DESCRIPTION OF THE TASK - In the listing below, find the line that contains "Sony a7 III" and the line that contains "Golden State Warriors". Quote both and every line between them, exactly, and nothing more.

RECORD EXCERPTS -
▬▬▬▬▬▬

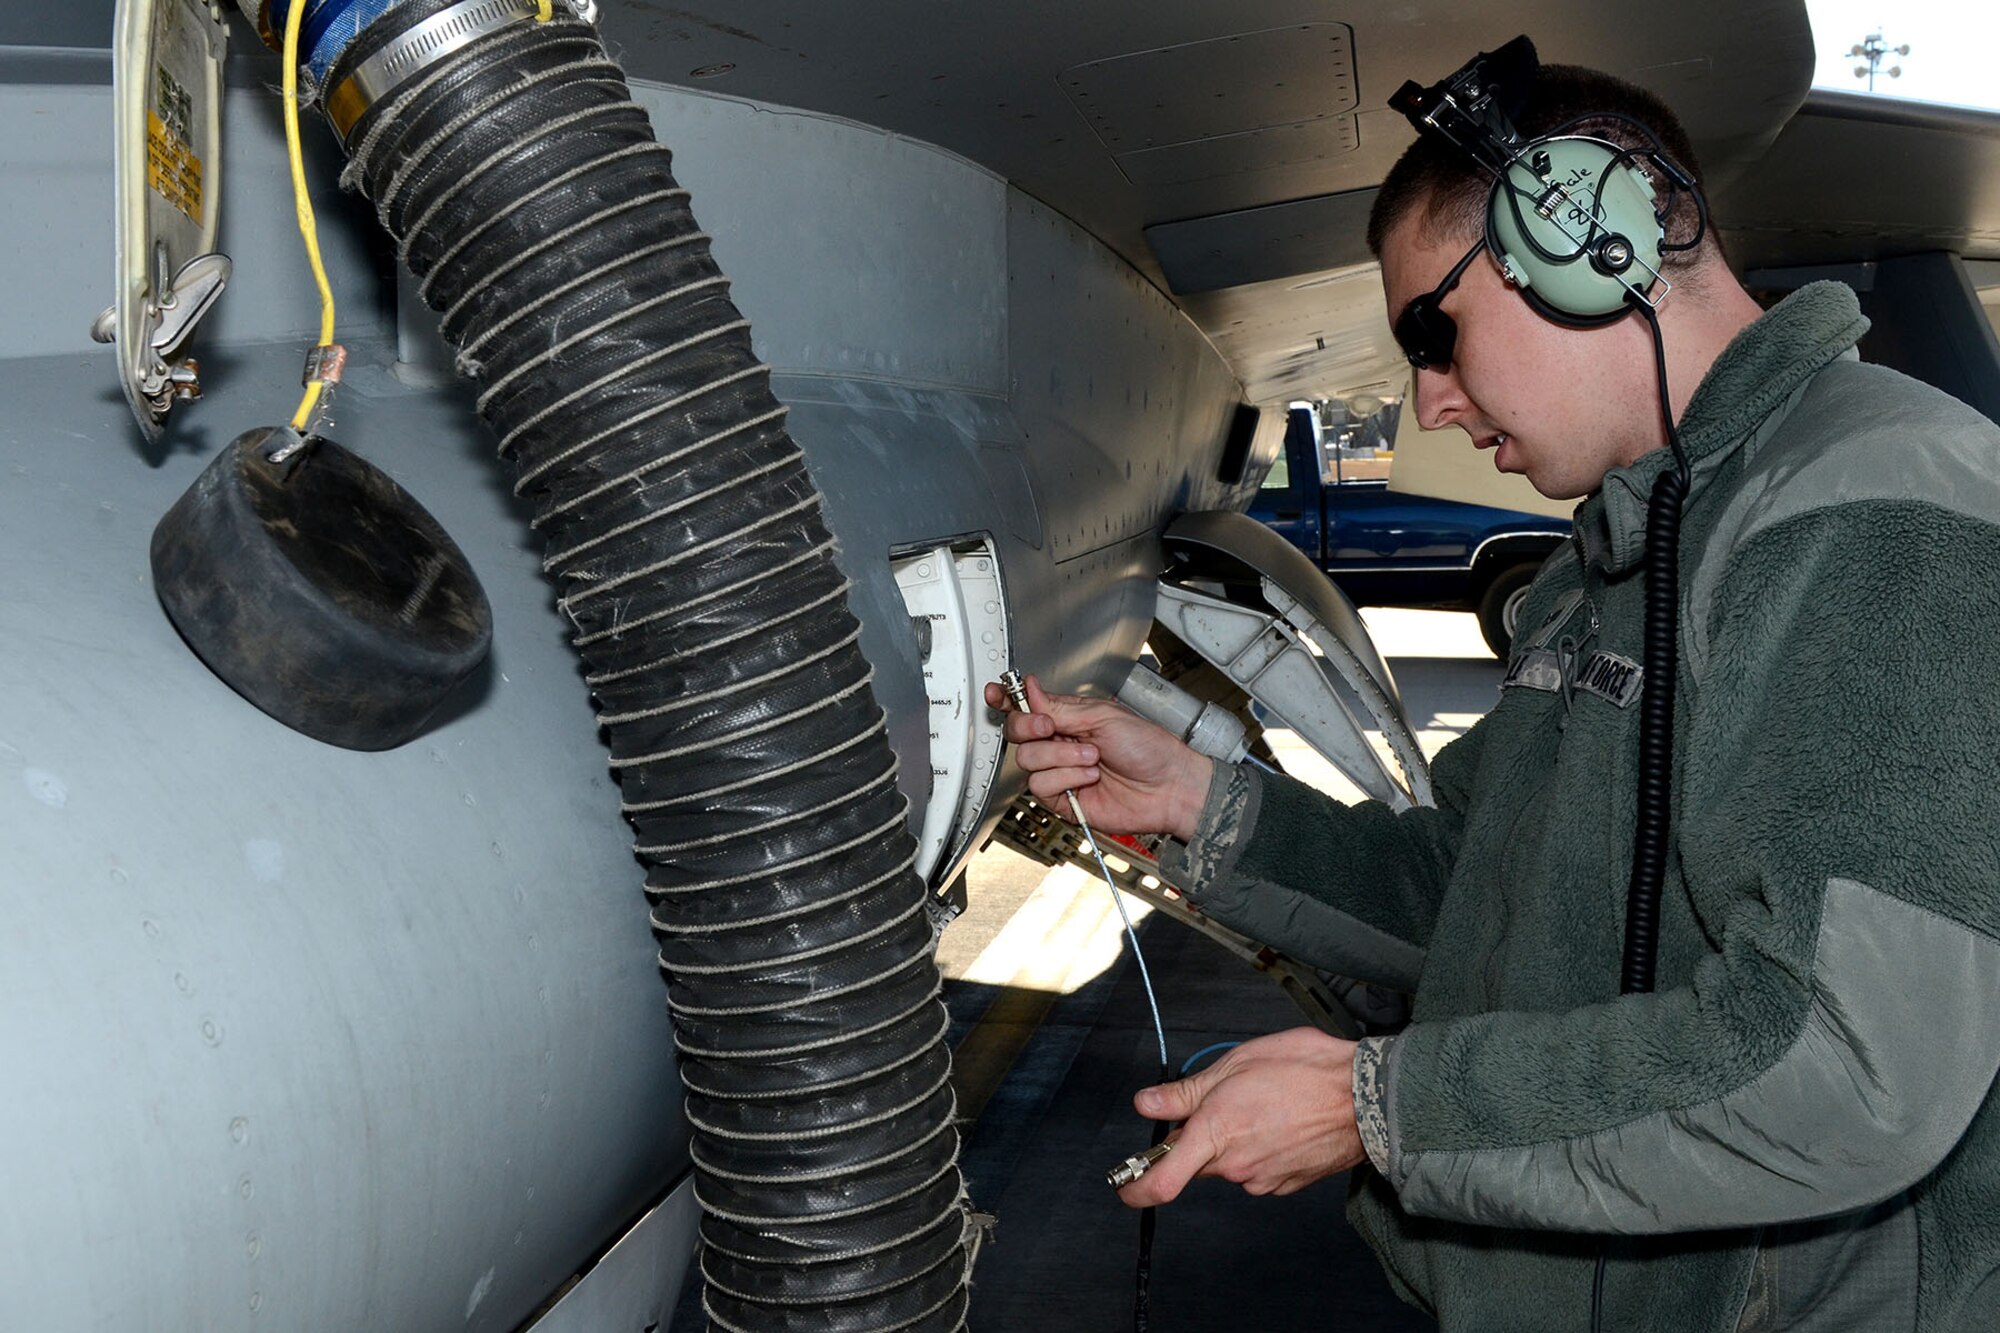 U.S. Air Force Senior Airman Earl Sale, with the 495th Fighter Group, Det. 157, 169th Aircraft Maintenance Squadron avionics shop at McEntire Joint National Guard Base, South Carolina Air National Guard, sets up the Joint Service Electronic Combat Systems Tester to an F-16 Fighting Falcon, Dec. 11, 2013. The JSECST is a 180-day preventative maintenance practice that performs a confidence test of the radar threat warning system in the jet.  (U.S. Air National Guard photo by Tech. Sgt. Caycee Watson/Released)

▬▬▬▬▬▬

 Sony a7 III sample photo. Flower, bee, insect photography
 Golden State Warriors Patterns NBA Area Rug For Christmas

▬▬▬▬▬▬

WRITTEN RESPONSE -
 Sony a7 III sample photo. Flower, bee, insect photography
 Golden State Warriors Patterns NBA Area Rug For Christmas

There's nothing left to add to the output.